This is the one Godzilla kit I have left. It's vinyl and a Kaiyodo. Love it. Looking forwared to a 2014 Godzilla.


----------



## djnick66 (May 2, 2008)

Those Kaiyodo kits are great. I have a big 3 foot Godzilla they did from King Kong vs. Godzilla. Incredible model.


----------



## robiwon (Oct 20, 2006)

In the early 2000's I built several resin and vinyl Godzilla kits for a collector. His house was stocked full of unbuilt kits, collectables, figures, etc. The most challenging one was a resin two figure set of Kong swinging Big G by his tail. This needed pinning like crazy! Unfortunatley this was before I had a computer, belonged to any forums, and didn't have a digital camera.


----------



## rhinooctopus (May 22, 2011)

Personally, I like all mediums.
If you have never built a vinyl kit, the first figure I would suggest you build is a Godzilla. I don't think you could possibly screw up the "seam" work on a (vinyl) Godzilla kit. I have built a number of them for myself and for clients and I never get tired of building them.
My favorite is the Billiken "King Kong VS Godzilla" version.

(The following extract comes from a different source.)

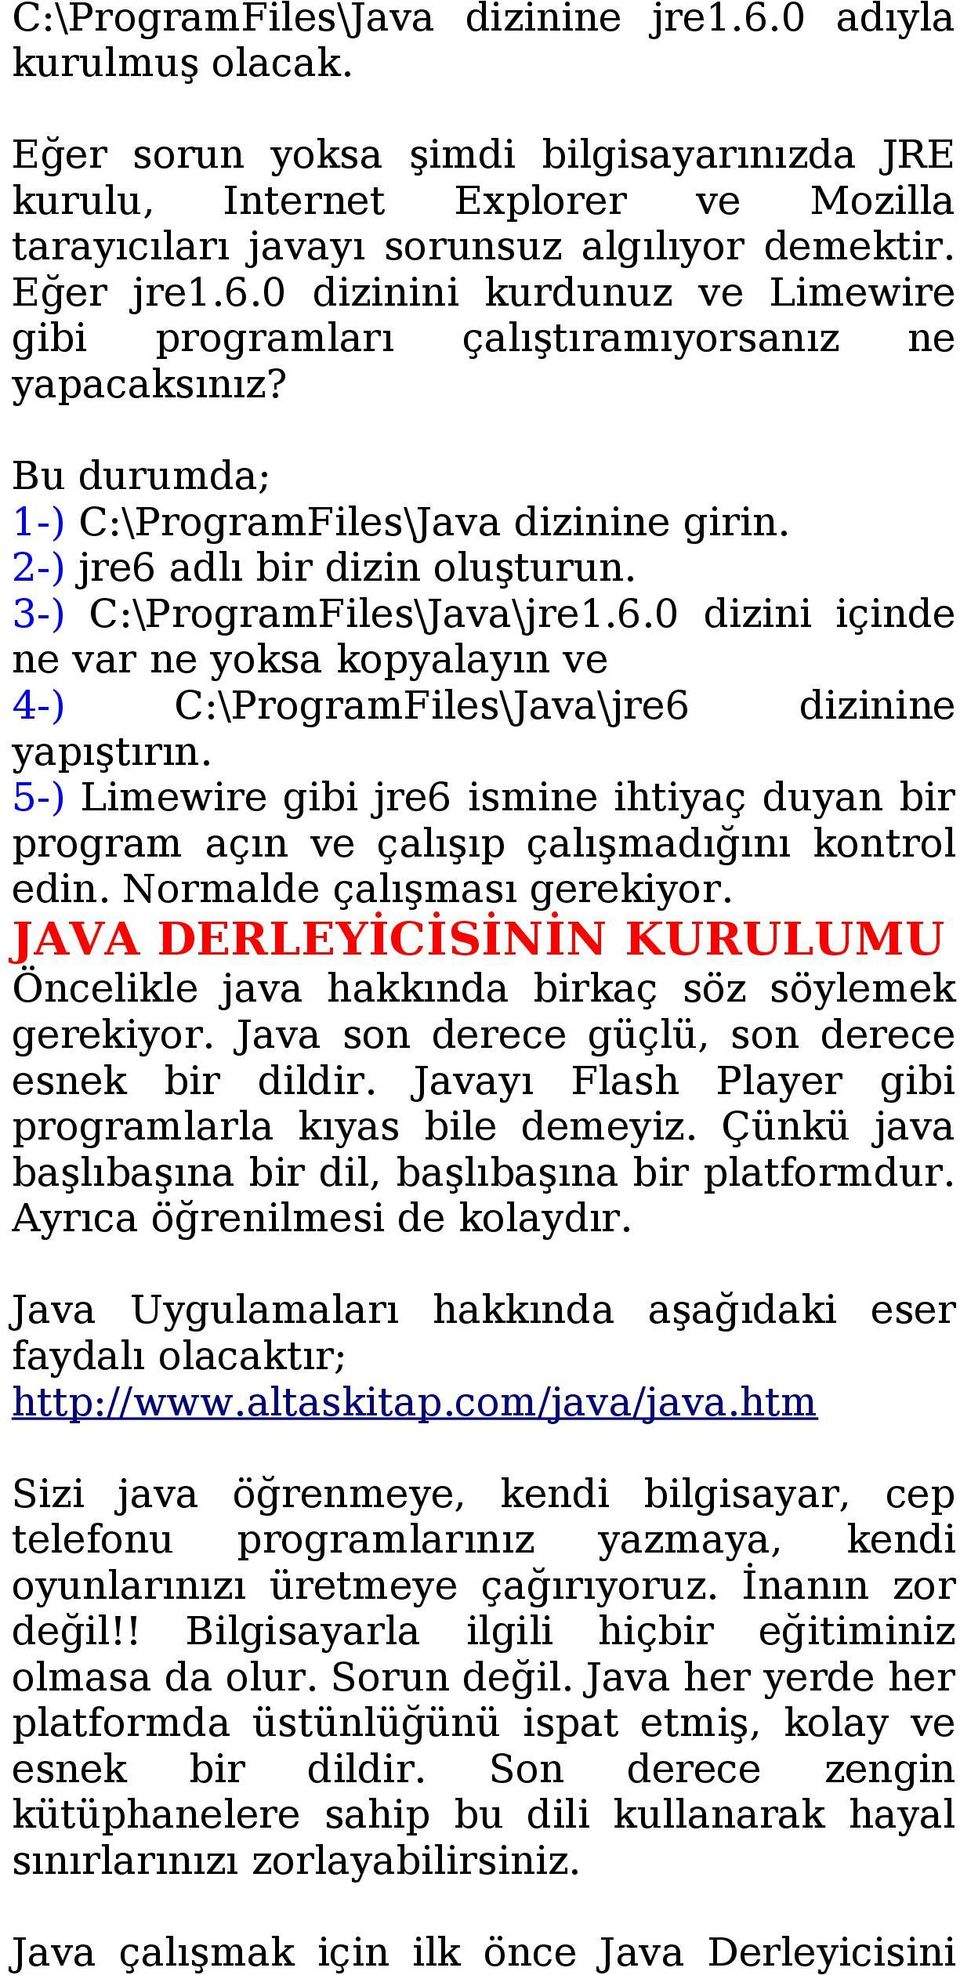 3-) C:\ProgramFiles\Java\jre1.6.0 dizini içinde ne var ne yoksa kopyalayın ve 4-) C:\ProgramFiles\Java\jre6 dizinine yapıştırın.

Oh! And robiwon...I can relate to having to pin some resin kits with NUMEROUS pins. This one, Lunar Models "Giant Claw" was a project I did for a guy in Florida. 26 pins in this sucker! This "giant" of a bird figure balanced on the claw that is pulling up the train. Yes folks, it was a solid resin kit with a wing span of about 24 inches (if I remember correctly).
Being a big "B" movie fan, I wanted to get a copy of this kit for myself, but the risk of keeping this "balancing act" intact worried me. So I passed.


----------